This is a test of dumping a cut-and-paste of body text from a sphinx-generated html page.
This is a puzzle from [RTNS].

The Puzzle

A Spanish treasure fleet of three ships was sunk off the coast of Mexico:
  • One had a trunk of gold forward and a trunk of gold aft
  • One had a trunk of gold forward and a trunk of silver aft
  • One had a trunk of silver forward and a trunk of silver aft
Divers just found one of the ships and a trunk of silver in it.
  • What is the probability that the other trunk has silver?

A Reasoning

The way to think of this is to not think of each category (silver vs gold) but to identify each trunk and how it is paired with another trunk. For example, we have six trunks:
G_1, G_2, G_3, S_1, S_2, S_3
In the three ships they were paired up:
  • Ship_1 = \{G_1, G_2\}
  • Ship_2 = \{G_3, S_1\}
  • Ship_3 = \{S_2, S_3\}
The trunk found had silver so the ship was either Ship_2 or Ship_3 and the trunk was one of S_1, S_2, \textrm{or} S_3. Call the trunk found T_f.
  • Case 1: T_f = S_1 then the other trunk will be G_3
  • Case 2: T_f = S_2 then the other trunk will be S_3
  • Case 3: T_f = S_3 then the other trunk will be S_2
In 2 out of 3 cases the trunk will be silver and in 1 out of 3 cases the trunk will be gold. So the probability that the next trunk pulled up (from the same ship) will be silver will be 2/3.

Simulation

This is the method the book gives:
  1. Create three urns: {7,7}, {7,8}, and {8,8}
  2. Choose an urn at random and a random element from the chosen urn
  3. If the element chosen was an 8 (gold), do nothing, if it was a 7 continue
  4. Record the other element in the chosen urn
  5. Calculate the proportion of 7s recorded to 8s
This seems confusing at first – we know that the trunk found was silver so ship 1 was not the one found, why include it in the simulation? My guess is that we do not need the third urn since we discard all the cases where it is chosen and we are not using the number of trials to find the probabilities. I think the given method might be a clearer simulation if we were trying to recreate what happened in that it reflects the entire story, but it does not really reflect the puzzle at the point it takes up – after the first trunk is found – so adds unnecessary computation (well, I guess the whole random choice thing is probably doing that anyway).
Try this:
  1. Create two urns: {0,1}, {1,1}
  2. Pick a random urn and an element from it
  3. If the element was a 0, go back a step
  4. Record the remaining element in the urn
  5. calculate the ratio of 1’s to 0’s
This is confusing, he says find the odds, but 2/3 is probability. The odds of finding silver should be 2:1 (he also flip-flops between saying they found silver and gold in the first trunk, but that is another problem – and the book was free, so what the heck).

GOLD = 0
SILVER = 1
ship_2 = (GOLD, SILVER)
ship_3 = (SILVER, SILVER)
fleet = (ship_2, ship_3)
trials = 10**5

# ships is a list of random ships from the fleet
ships = [random.choice(fleet) for trial in xrange(trials)]

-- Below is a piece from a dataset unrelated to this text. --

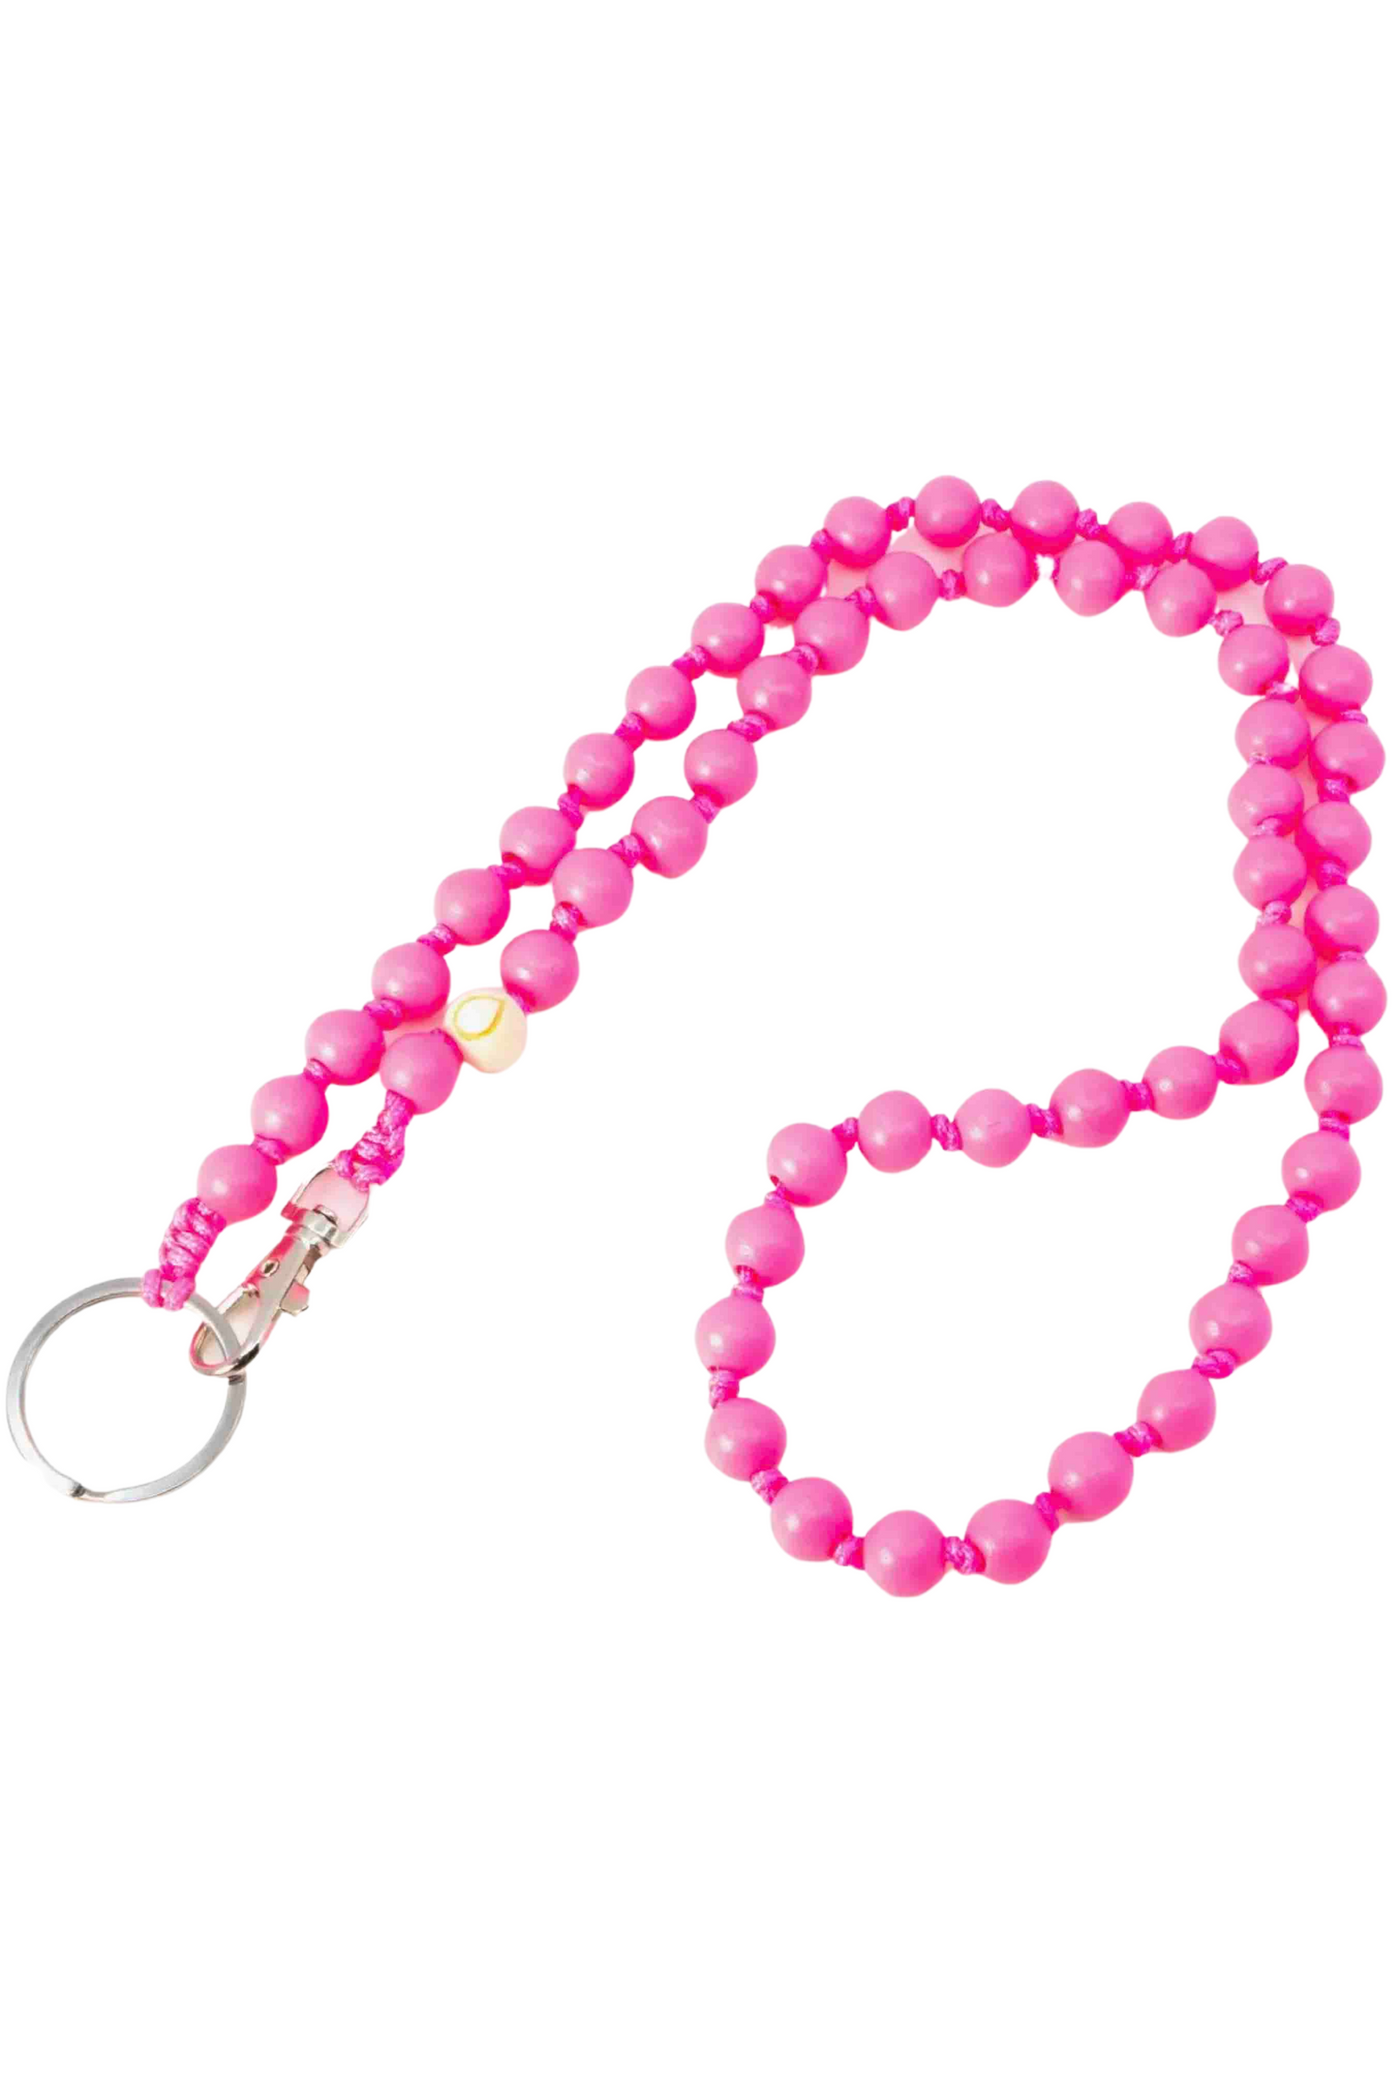 The Pink Beaded Key Chain-Dropletsy
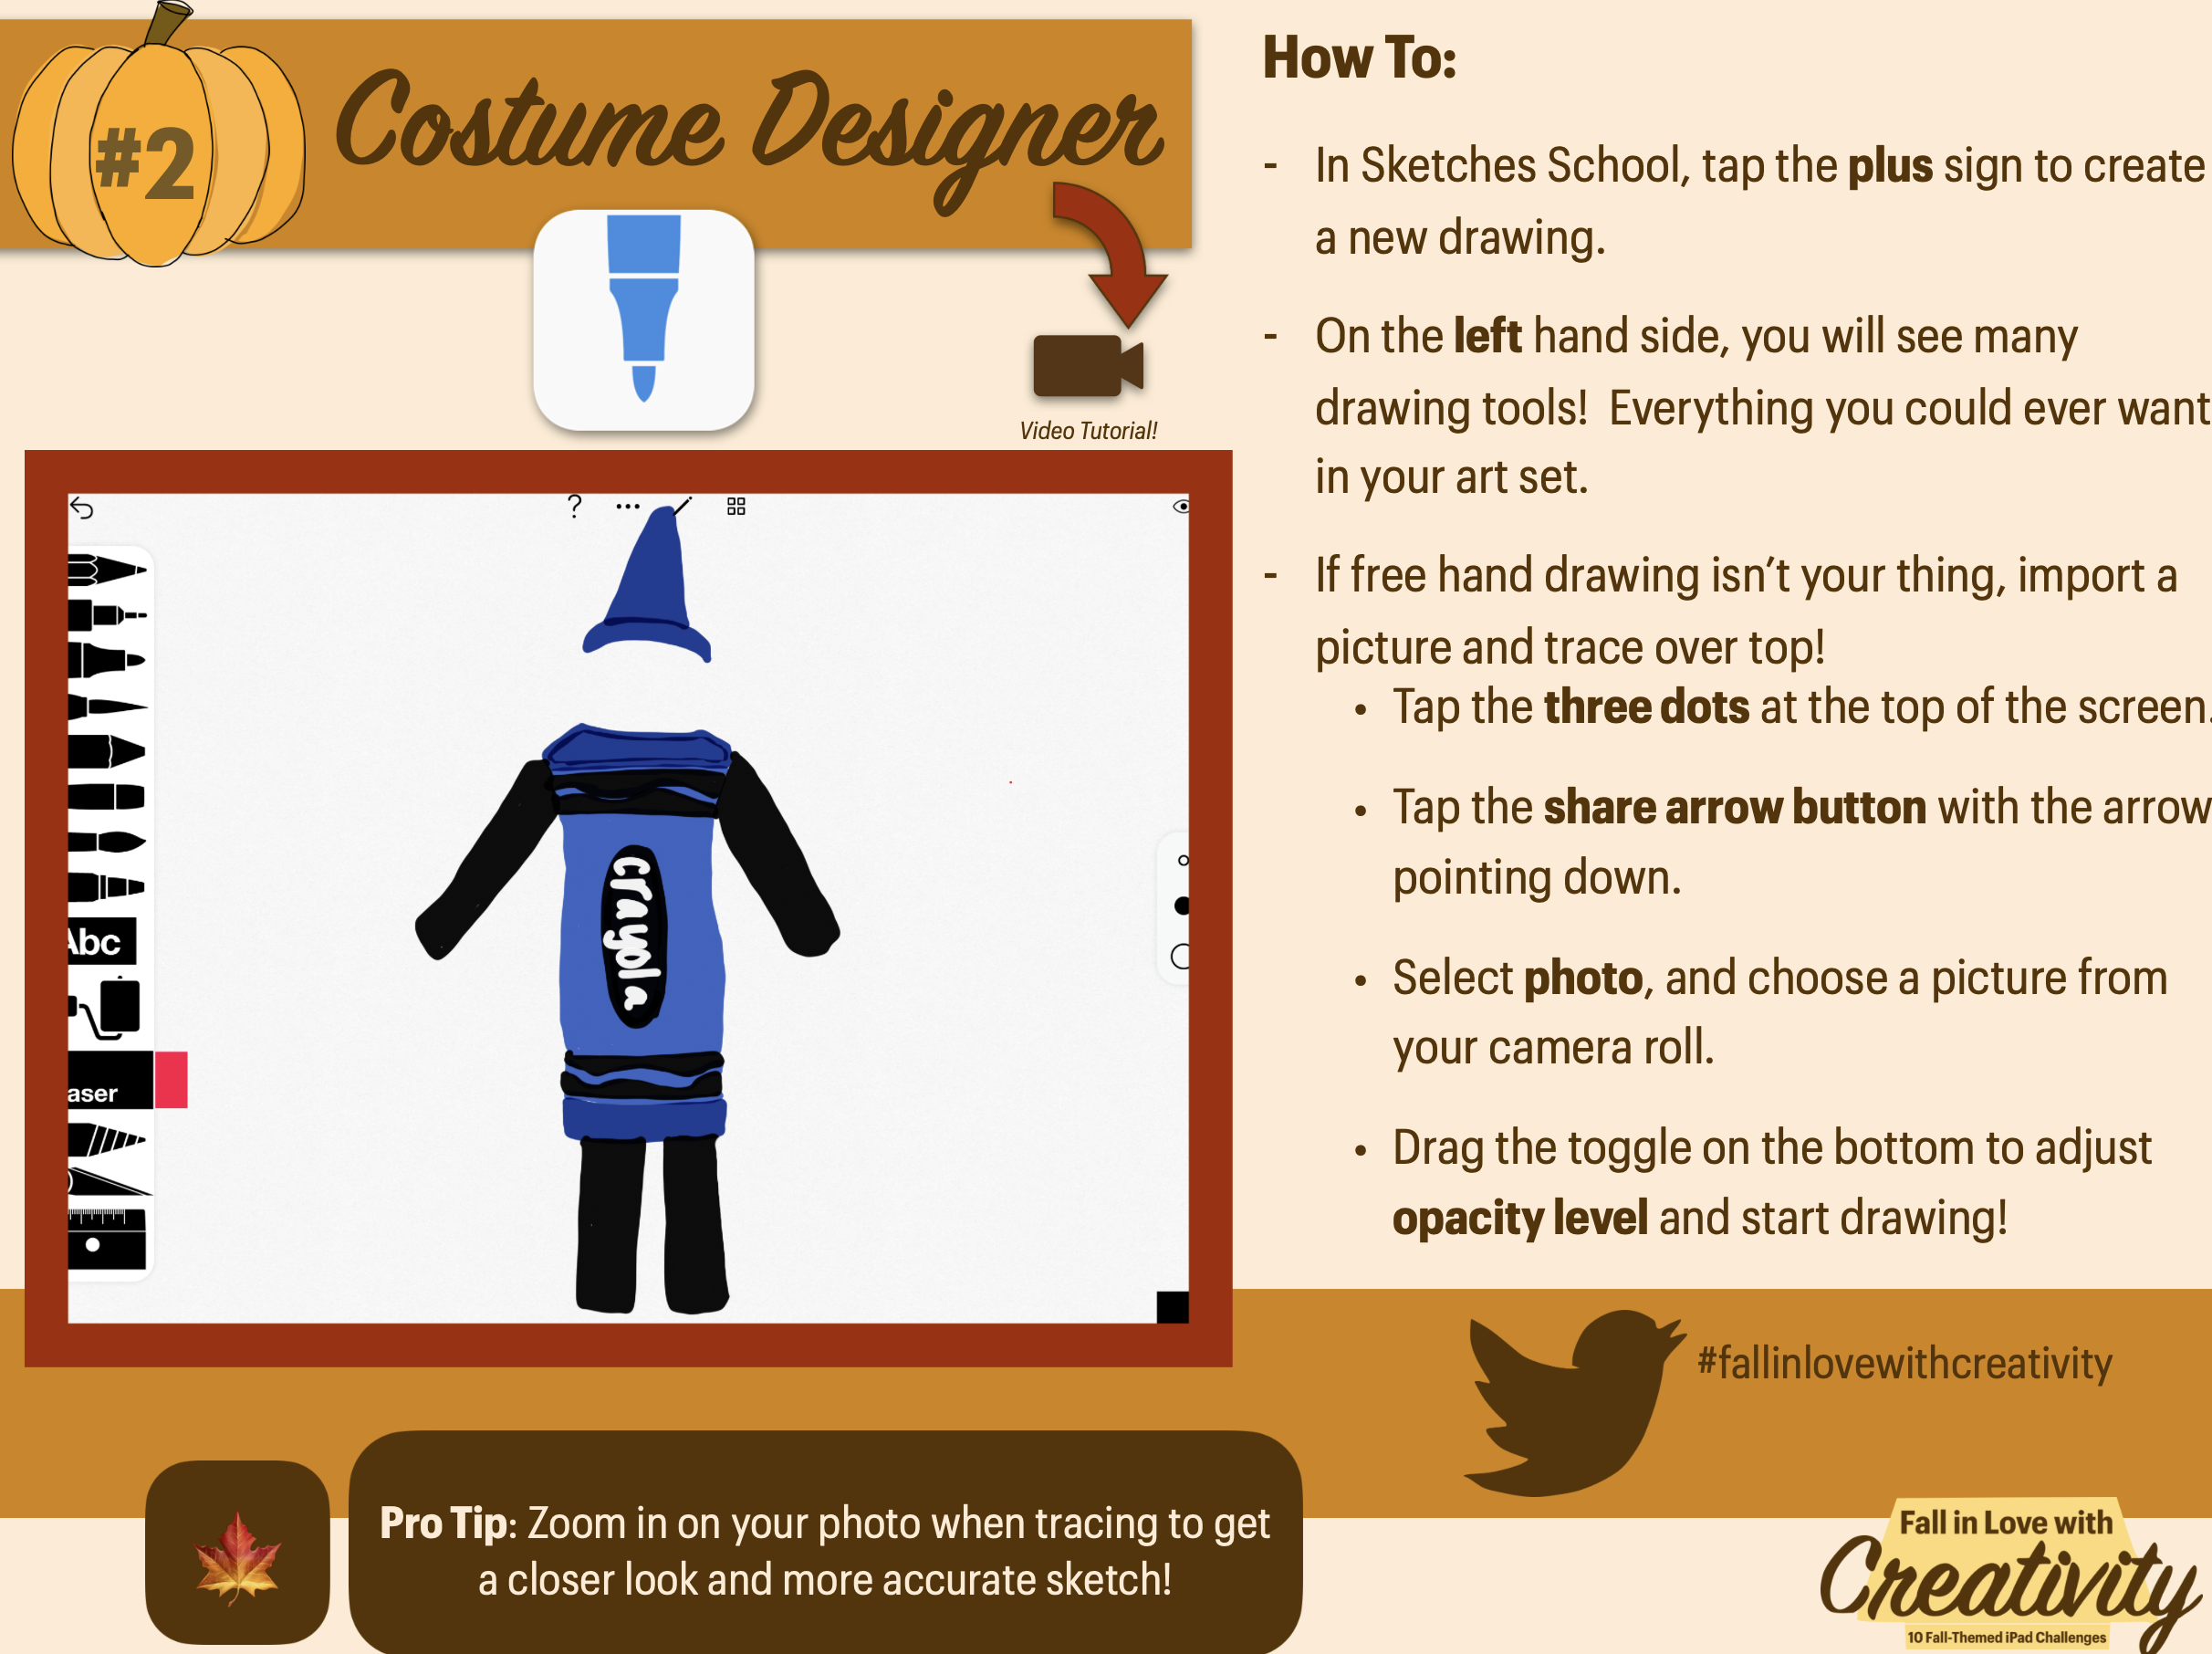 Design your own costume challenge using Sketches School

# found_trunks is a list of trunk-indices chosen for each ship (the trunk found by the diver)
# although the values are the same as gold and silver (0 and 1)
# in this case they are tuple indices for the trunk-tuples in the ships
found_trunks = [random.randint(0,1) for ship in ships]

# next_trunks is the type of trunk not chosen for found_trunks if found_trunks wasn't gold
# because it's filtered, its length is the count of all cases where the first trunk was silver
next_trunks = [ships[index][(found_trunks[index] + 1) % 2] for index in range(len(ships))
if ships[index][found_trunks[index]] != GOLD]

# silvers is a count of the next_trunks that were silver
silvers = sum(1 for trunk in next_trunks if trunk == SILVER)

print "Probability next trunk is silver: {0:.2f}".format(float(silvers)/len(next_trunks))
print "(Compare to 2/3 = {0:.2f}).".format(2./3) 
 
Probability next trunk is silver: 0.67 (Compare to 2/3 = 0.67).